I.3.2 Cellule dendritique et cancer

Plusieurs études ont démontré la faculté de reconnaissance des cellules tumorales par les CDs. Ainsi, l’acide urique libéré par les cellules tumorales mourantes est transformé en urate monosodé (MSU) dans le milieu extracellulaire riche en sodium. Le MSU stimule la maturation des CDs et favorise ainsi l’immunité adaptative spécifique, synonyme de rejet de tumeurs [141, 142]. D’autres constituants cellulaires peuvent aussi activer les CDs. C’est le cas du constituant nucléaire HMGB1 (High Mobility Group Box 1), libéré par les cellules tumorales après chimiothérapie ou radiothérapie, qui peut-être reconnu par le récepteur TLR4 des CDs et entraîner la stimulation et la prolifération spécifique de CTLs [143]. Les protéines de choc

thermique (HSP) ou l’ADN génomique participent également à l’initiation de la réponse immune adaptative par stimulation des CDs [139]. Des études sur modèles murins ont suggéré la faculté des CDs du microenvironnement tumoral à devenir matures et pouvoir ainsi activer la réponse immunitaire à travers les antigènes associés aux tumeurs (TAA) [144]. Par la suite, plusieurs études cliniques ont corrélé l’infiltration des CDs matures à la survie des patients.

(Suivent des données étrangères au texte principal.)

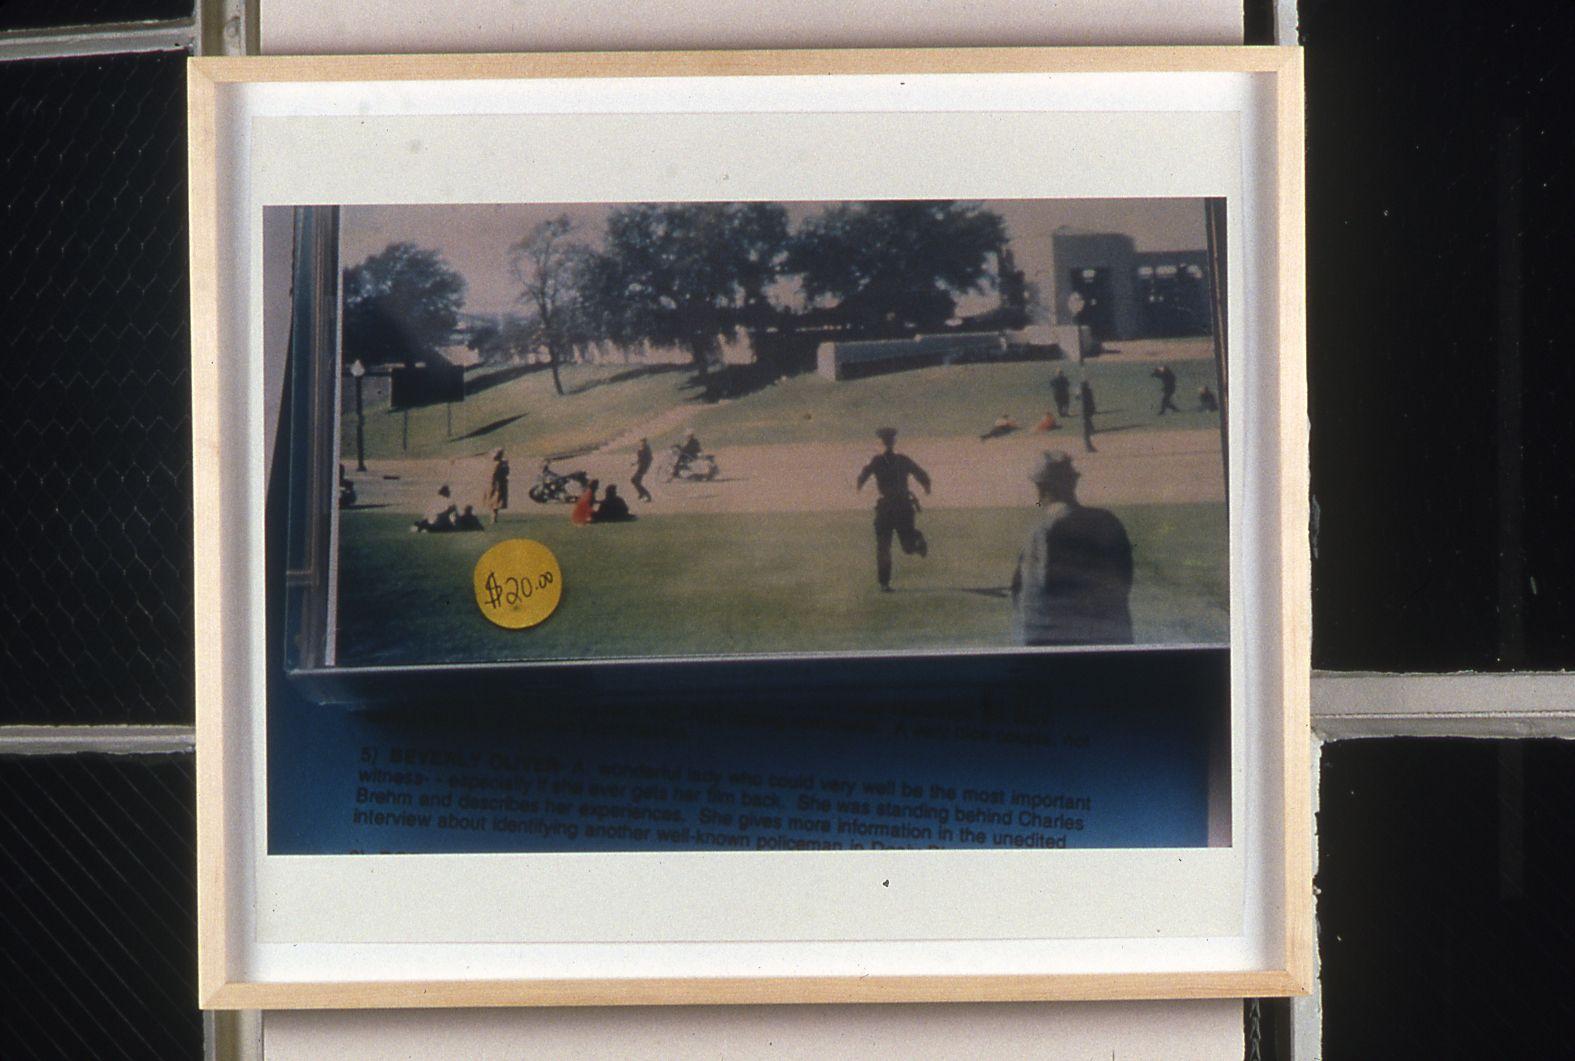 $20, 1996 Chromogenic print, 15 1/2 x 23 inches
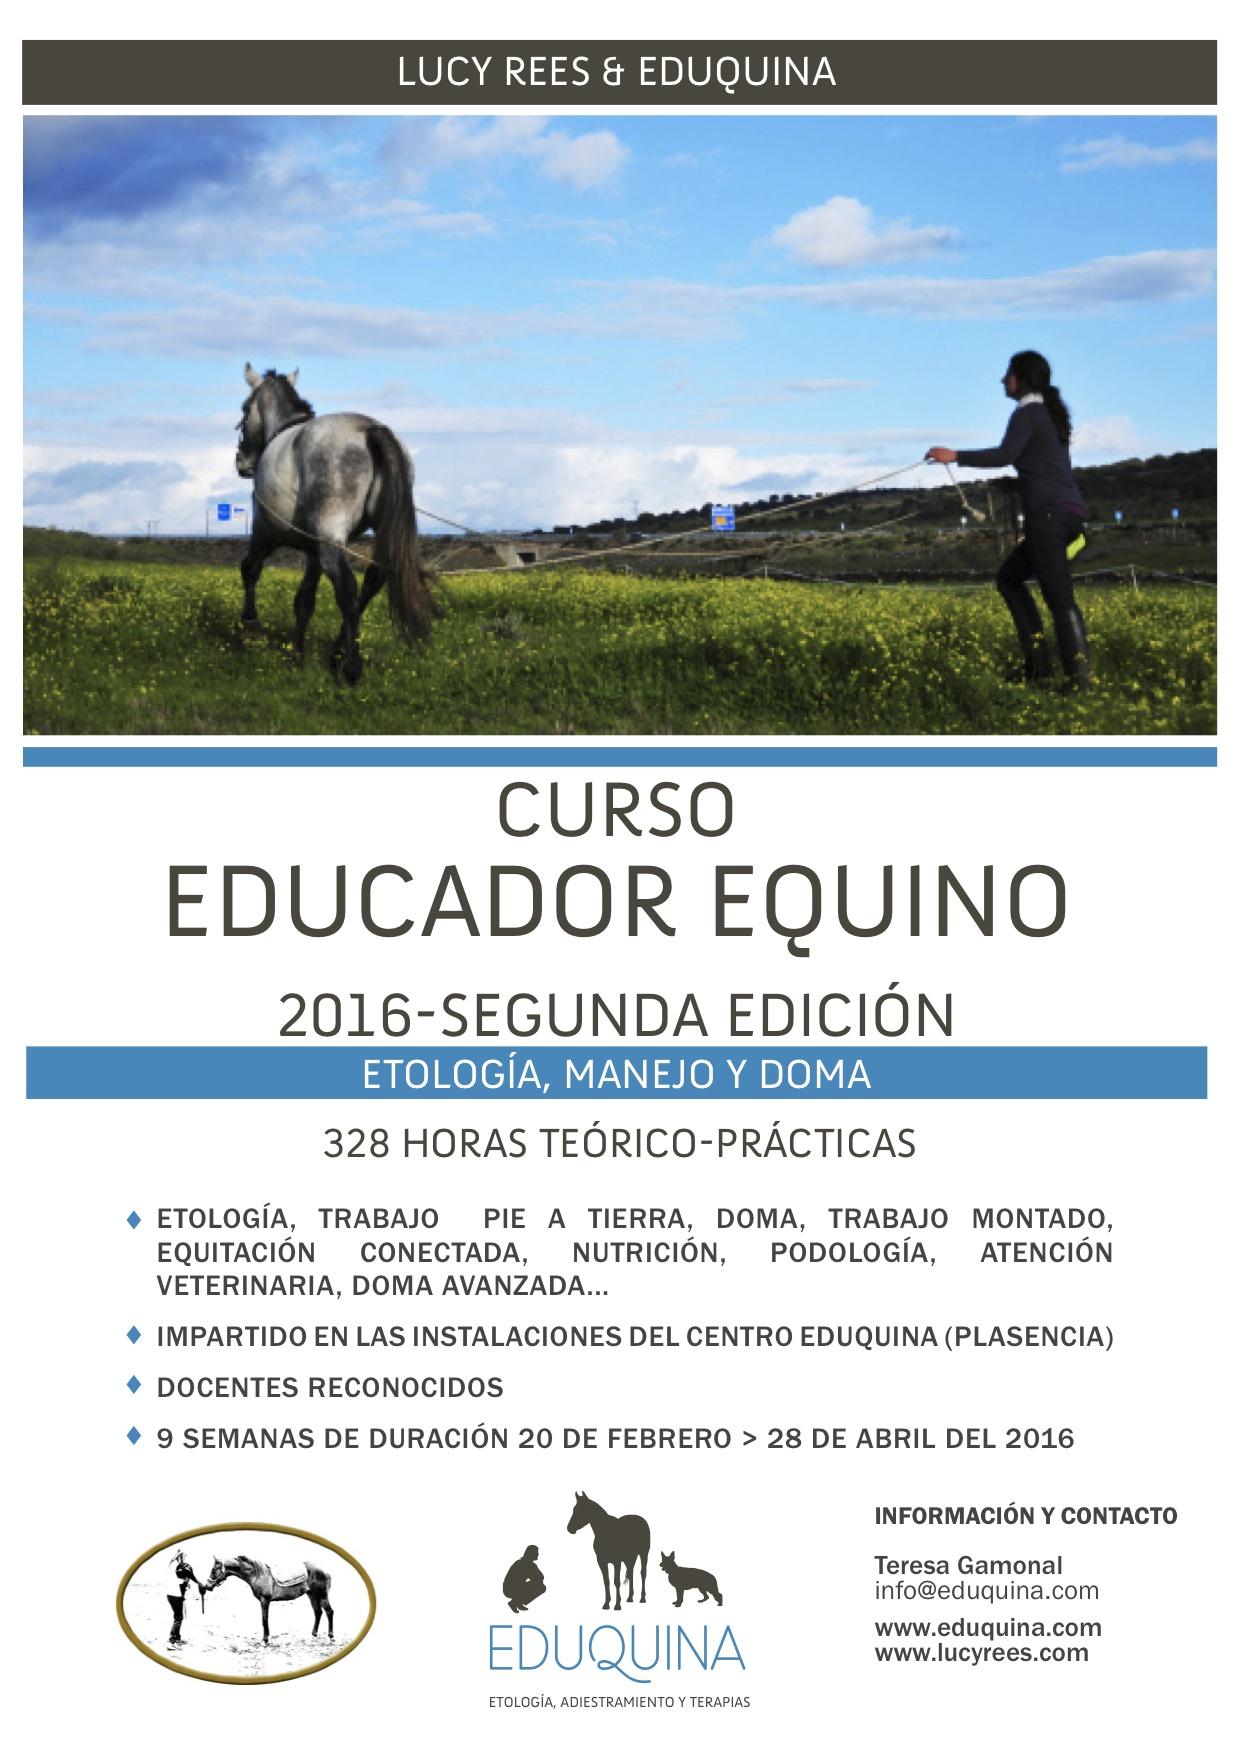 EDUCADOR EQUINO 2016

C’est le cas d’une étude sur le mélanome qui a également démontré une corrélation entre la densité des CDs et la présence de lymphocytes T activés [145], ou d’une étude sur le cancer du sein montrant une corrélation inverse entre l’infiltration des CDs mature CD83+ dans la tumeur et les métastases ganglionnaires [146] ou encore du cancer gastrique [147]. Les CDs sont donc capables de promouvoir la surveillance immunitaire anti-tumorale dans plusieurs types de cancers.

II

Mécanismes d’immunoattaque tumorale “physiologique”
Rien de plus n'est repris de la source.